It is possible to write complete programs in assembly, but because the
available instructions can only accomplish very simple tasks, it is
necessary to write a lot of text even to implement simple algorithms.
That's why so-called high-level languages are used, which can describe
algorithms both more concisely and more easily understandable than
assembly could. But the high-level language cannot be executed by
the CPU anymore. A special program called 'a compiler' is (on UNIX(*))
used to translate the high-level language source code into assembly
language, which can then be translated to machine code the CPU can
executed by the assembler.

The assembler generates objects code files, which contain the machine
code corresponding with the subroutines ('functions') defined by the
original high-level language source code and various tables specifying
the names of subroutines (or variables) and the addresses of their
'entry points', ie the location the CPU needs to jump to to start
executing the subroutine, (or the addresses of the memory locations
reserved for containing the value of a particular variable).

Multiple object code files can (and usually will) be combined to
generate an actually executable program.

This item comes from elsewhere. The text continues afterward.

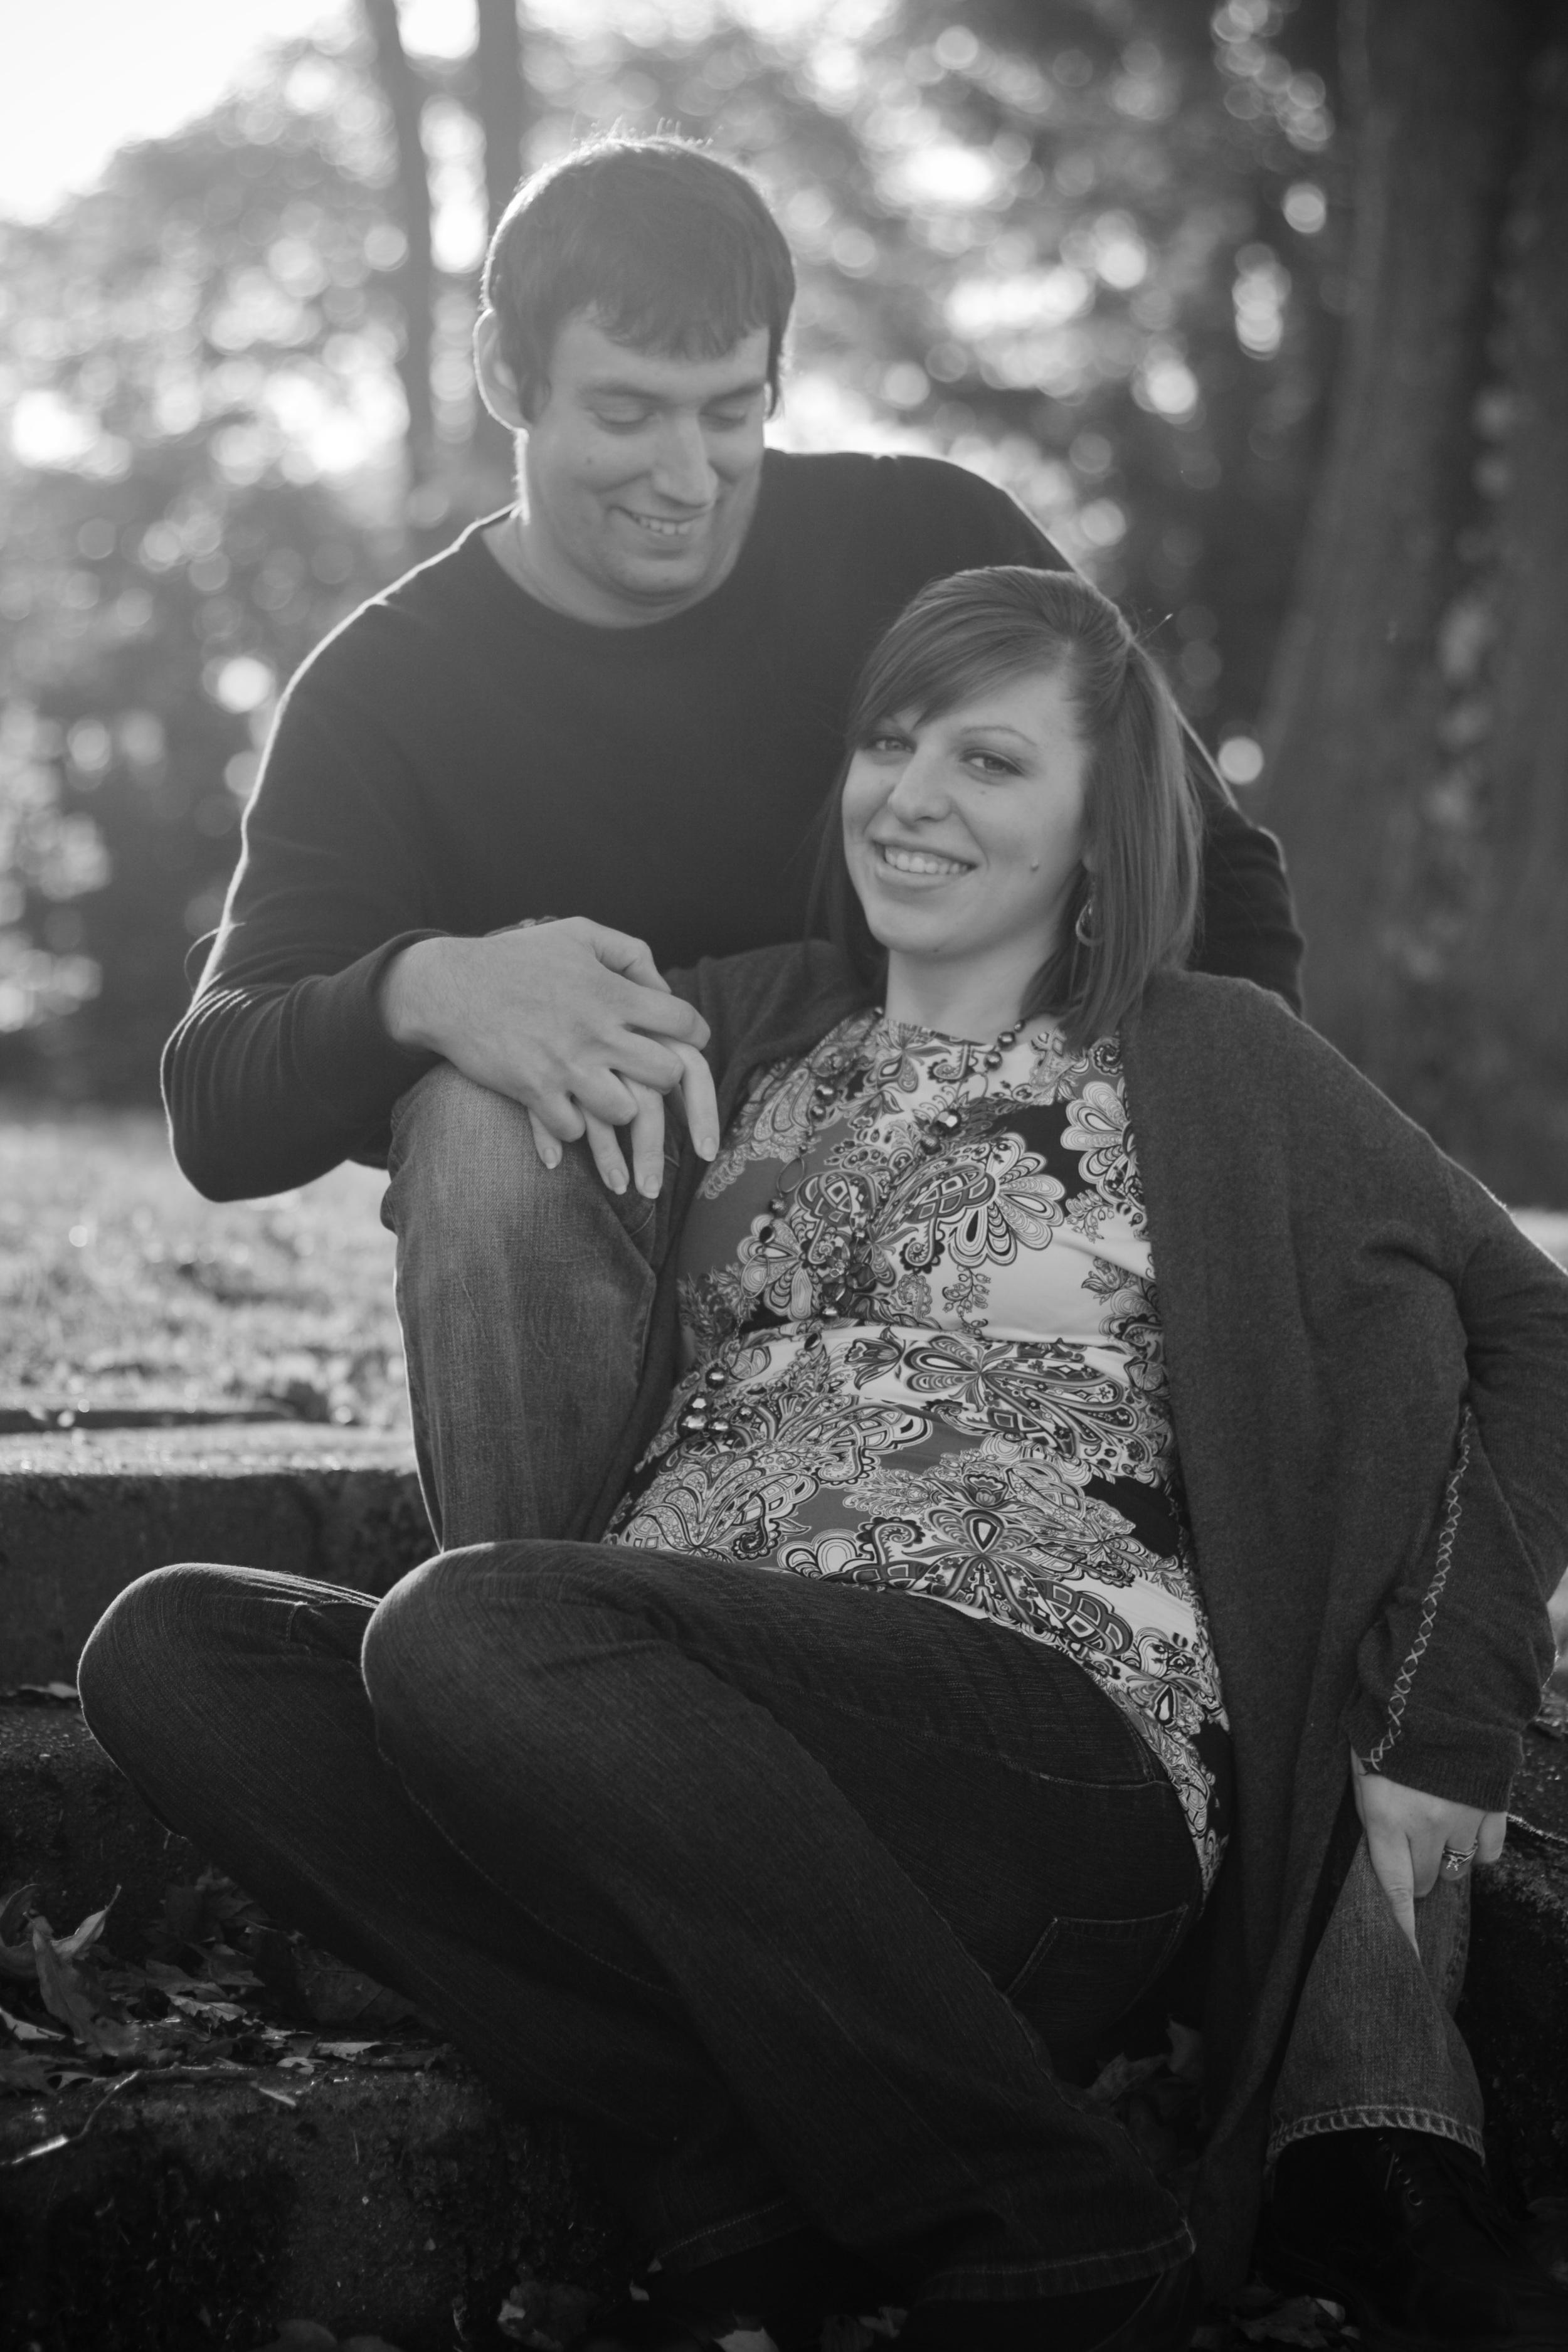 Ryan and Melissa

This the job of the linker
(or link editor), which reads a set of object files, assigns
(non-conflicting) addresses relative to the program start address
(platform-specific) to all entry points (variable addresses) contained
in all of the object files, modifies the machine code, perusing the name
tables, such that, eg each call of a particular subroutine contains the
newly calculated 'subroutine entry point address' and finally writes
the combined and suitably modified machine code contained in all of
the object code files to an output file, which is an exectuable program.

NB: This is simplified to the point of being (more than) occasionally
wrong and omits A LOT of important things one would usually expect on
a modern system (eg shared objects or even libraries).

In case you are interested in the actual details, a starting point
could be

	http://www.ibm.com/developerworks/power/library/pa-spec12/index.html
0
rweikusat (2830)
3/30/2008 6:24:55 PM
saneman wrote:
> I can't find any books describing the anatomy of C/C++ programs. What is 
> an object file? Can it be generated from a header file?, what is 
> linking?, why does a source file need an object file? etc.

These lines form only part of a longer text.